Oleh karena rentang waktu menunggu audisi sangat panjang, Sandrina pun kelelahan, begitu pula dengan kedua orangtuanya. Menunggu lama tapi waktu audisi tak kunjung datang. Namun Sandrina tak kehilangan semangat. "Papa dan Mama juga tetap memberi aku semangat, meski kami sudah kelelahan luar biasa. Saat audisi, aku hanya menari, menari, dan menari. Setelah itu, kata kakak-kakak di Trans TV, 'Nanti dikabari lagi, ya'. Setelah menunggu, eh, nama aku ada di internet. Oh, aku senang banget."
Sejak saat itu, garis tangan Sandrina pun seolah berubah drastis. Kini namanya mulai dikenal publik. Padahal, Sandrina hanya berasal dari keluarga menengah saja. Mamanya ibu rumah tangga, sedangkan sang papa bekerja sebagai karyawan sebuah bank BUMN.

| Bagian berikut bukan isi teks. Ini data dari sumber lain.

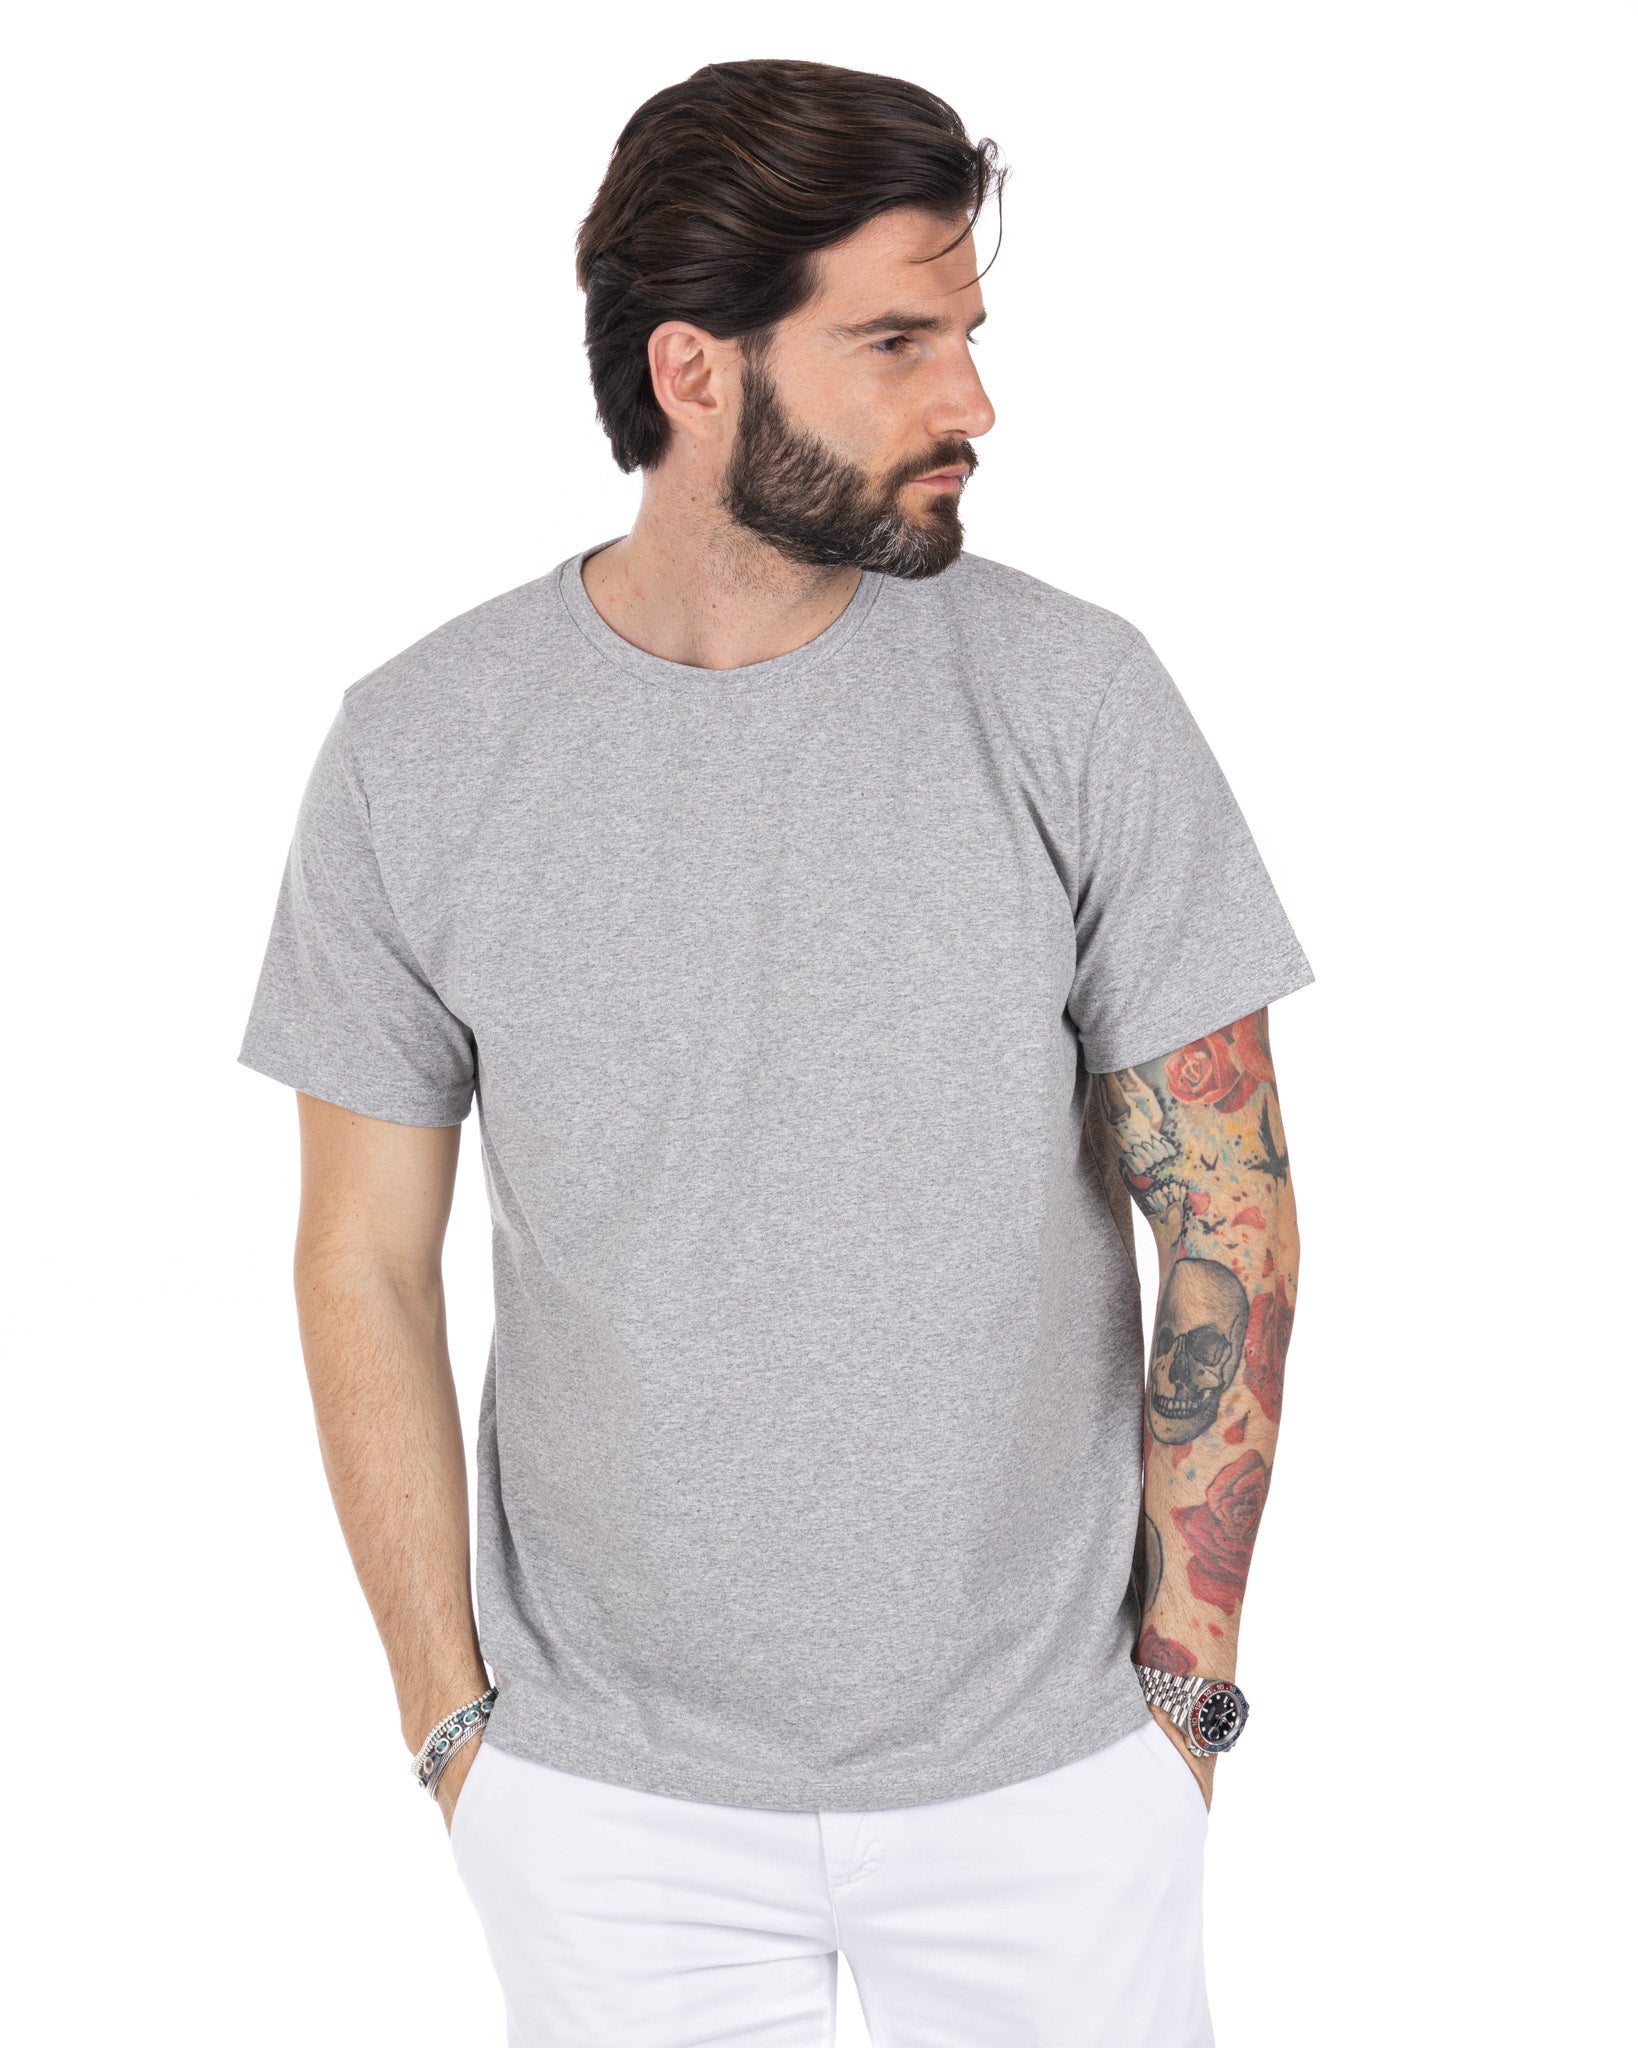 Harry - gray stretch cotton t-shirt

Gerakan lincah sudah ditunjukkan Sandrina sejak ia berusia 7 tahun. Sandrina selalu aktif bergerak-gerak, tak bisa diam. Karena itu, orang tuanya berinisiatif "menjebloskan" sang buah hati ke sebuah sanggar tari. "Mungkin Mama kewalahan melihat aku yang suka jungkir balik di tempat tidur sewaktu aku kecil. Jadi biar gerakan badanku tersalurkan, Mama masukkan aku ke sanggar tari. Lama-lama aku memang tertarik pada dunia tari," cerita Sandrina.
Sukses Homeschooling
Aktif di sanggar, Sandrina mulai menengok keahlian beberapa seniornya di dunia tari, seperti Didi Nini Thowok dan Inul Daratista. Berkaca dari dua sosok ini, Sandrina mengaku sangat ingin mengembangkan sayapnya untuk menari hingga ke seluruh dunia. "Cita-citaku memang ingin jadi penari profesional, go international. Jika sudah kuliah, aku ingin mengambil jurusan seni tari."
Sebelum IMB 3, Sandrina lebih banyak berkutat di tari Jaipong, namun kini ia lebih fleksibel mempelajari banyak tarian lain. "Dulu aku tak bisa menari Reog Ponorogo, Saman dari Aceh itu, tarian Dayak, atau tarian Solo. Tapi setelah diberi pelajaran di IMB, aku bisa membawakan jenis tarian itu walau cuma butuh waktu dua hari untuk mempelajarinya. Biasanya di IMB diberi materi tarian mendadak, kalau enggak hari Kamis, ya, Jumat. Sabtu sudah tampil. Sementara di hari Senin, Selasa, dan Rabu aku homeschooling," cerita Sandrina yang juga sukses merampungkan jenjang SD-nya selama mengikuti masa karantina IMB 3.
"Aku memang tak masuk sekolah selama di karantina. Tapi homeschooling bisa membatu aku tetap bisa mengikuti pelajaran sekolah dan ujian. Ketika ulangan harian, aku tak datang ke sekolah di Bogor. Tapi materi soal-soal ulangan harian aku kerjakan di tempat karantina. Nah, begitu ujian nasional, aku datang ke sekolahan. Alhamdulillah, aku bisa mengerjakan soal-soal ujiannya."